Christine Lombard et Nathalie ont promis de poursuivre le combat que j’ai mené et d’appeler le foyer qui sera créé un jour, Proz Jeanneret.
J’ai passé avec Chantal en début de semaine dernière une chouette soirée chez les Bretton qui vont nous rejoindre en mai, puis leur fils Louis, une valeur sure, déjà testée et approuvée à bord. J’ai aussi partagé un lunch avec mes amies Aurélie Conrad Hari, qui viendra à Tahiti avec sa famille nous rejoindre ainsi qu’avec Silvia Tombesi et Claude-Nicole Nardin.
Finalement pour cette dernière semaine, que je passe à Genève, j’ai dû annuler, la mort dans l’âme etpestant contre ce maudit Covid et sa kyrielle de variants, un grand nombre d’activités et de dîners dont je me réjouissais pourtant beaucoup. Je devais éviter que mon test covid prévu samedi prochain ne soit positif ce qui m’empêcherait de prendre l’avion. Je dois de surcroit ne présenter aucun symptôme, tel que toux, rhume, mal de tête, grosse fatigue ou problèmes gastriques pour entrer en Polynésie.
Sacré challenge en ce moment où le temps ne cesse de varier, hésitant entre le retour en hiver et le pas en avant au cœur du printemps.
Je présente encore une fois mes excuses à mes amis à qui j’ai fait défaut et que je me réjouissais tant de revoir, mais qui précisément parce qu’ils sont mes amis, me pardonnent et me comprennent.
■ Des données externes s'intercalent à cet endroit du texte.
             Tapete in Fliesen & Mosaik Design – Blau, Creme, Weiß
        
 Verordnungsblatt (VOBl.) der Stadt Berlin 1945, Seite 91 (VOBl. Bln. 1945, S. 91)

Ce n’est que partie remise pour cet automne, c’est promis !
J’en revois d’ailleurs un certain nombre à bord dans les semaines qui vont venir avant la fin de l’Odyssée et je les prie aussi d’être précautionneux pour pouvoir nous rejoindre.
Je remercie encore mes chers voisins d’Hermance, Pierre et Mireille pour m’avoir préparé l’appartement pour mon retour, en prendre soin pendant mon absence et m’avoir restaurée lors de mon arrivée en Suisse. Merci à Laurence et à Olivier de m’avoir accueillie à l’aéroport et d’avoir été mes chauffeurs et à Claude-Nicole de s’occuper du jardin.
Enfin je suis reconnaissante à Elsbeth Cunningham et à Bettina de prendre soin de ma santé et de m’avoir confirmée que je suis en pleine forme.
Je repars heureuse et vous embrasse toutes et tous très fort.